Tanjung Selor, Bimas Islam -- Kepala Kantor Wilayah Kementerian Agama Provinsi Kalimantan Utara, Saifi memaparkan, pihaknya telah membentuk Badan Kesejahteraan Masjid (BKM) tingkat provinsi dan kabupaten/kota. Hal itu diungkapkannya, Minggu (7/5/2023) kepada Tim Bimas Islam.
“Pemberdayaan masjid saat ini harus lebih nyata. Terlebih, masjid tidak sekadar difungsikan sebagai pusat ibadah umat Islam, tapi juga memberi dampak pada kesejahteraan umat. Karenanya, perlu penguatan pembinaan terhadap pengurus agar BKM bisa berjalan dengan baik,” paparnya.
“Karena kita telah bentuk BKM tingkat provinsi maupun kabupaten/kota, maka yang kita harap tentunya penguatan program,” ungkap Saifi.
Menurut Saifi, dalam kepengurusannya, BKM akan diisi pengurus yang profesional, yakni para alim ulama, birokrat, hingga pelaku usaha. Ia berharap, semua pihak berkontribusi dalam pemberdayaan masjid yang akan bermuara pada kesejahteraan umat.
“Kita tidak bisa menutup mata bahwa keberadaan masjid sangat vital dalam kehidupan sosial, khususnya di Kalimantan Utara ini. Mari kita ramaikan masjid dan kita fungsikan untuk kepentingan umat,” ulasnya.

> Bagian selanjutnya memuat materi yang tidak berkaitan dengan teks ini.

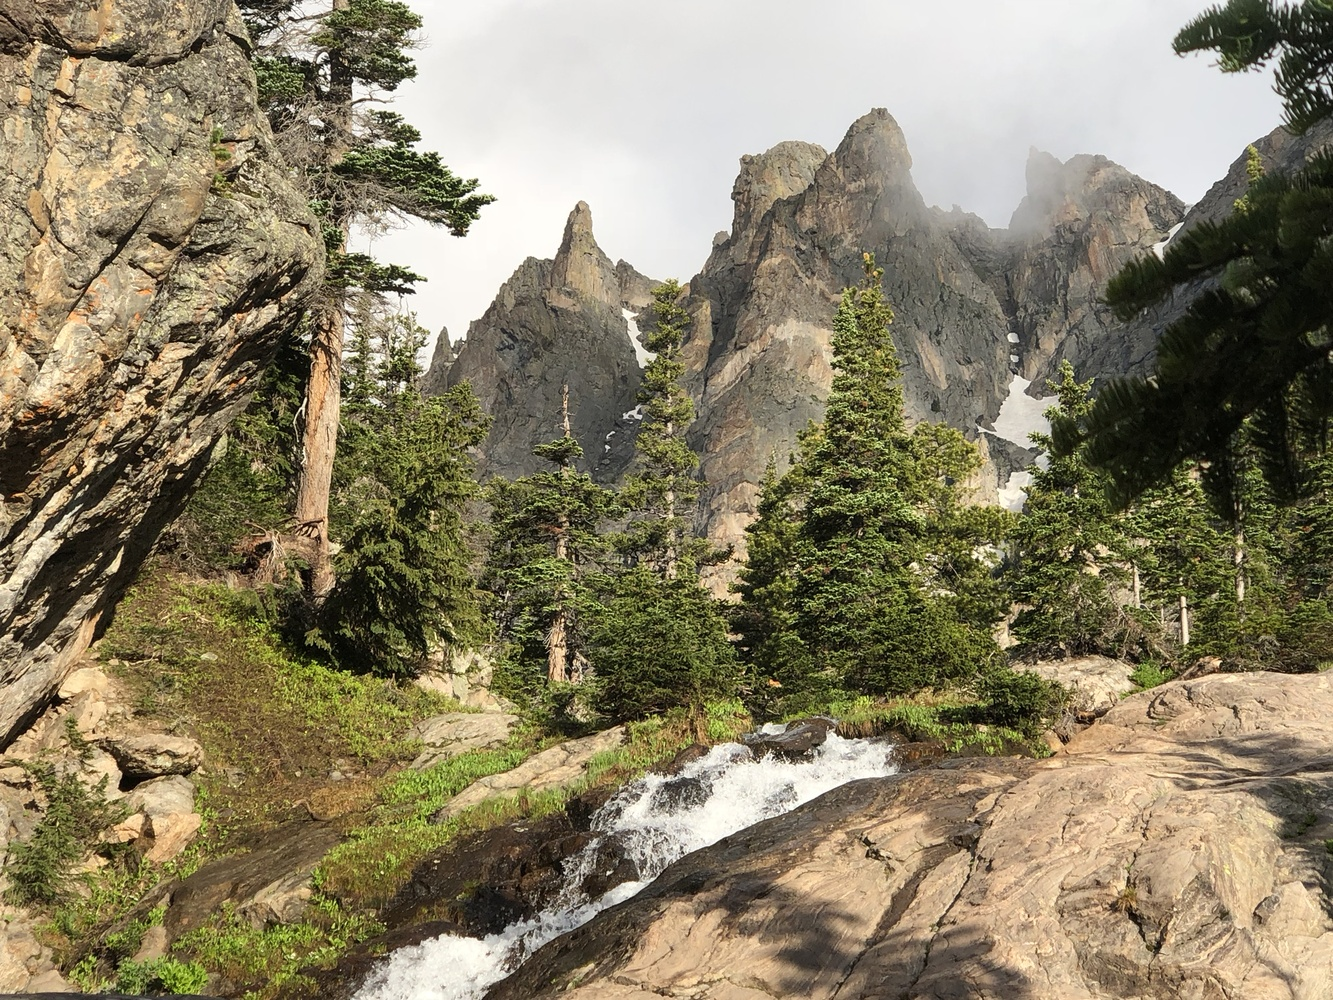 Forest Crags  by William Varner

“Di sinilah manajemen masjid harus kita kelola dengan baik. Misalnya, menghimpun dana umat. Selain untuk keperluan masjid, juga bagaimana bisa bermanfaat untuk ekonomi umat,” tambah Saifi.
Terakhir, Saifi menegaskan, dirinya akan mengawal program ini sebagai tindak lanjut usai menghadiri Launching dan Pelantikan BKM Pusat di Jakarta pada 3 Mei lalu.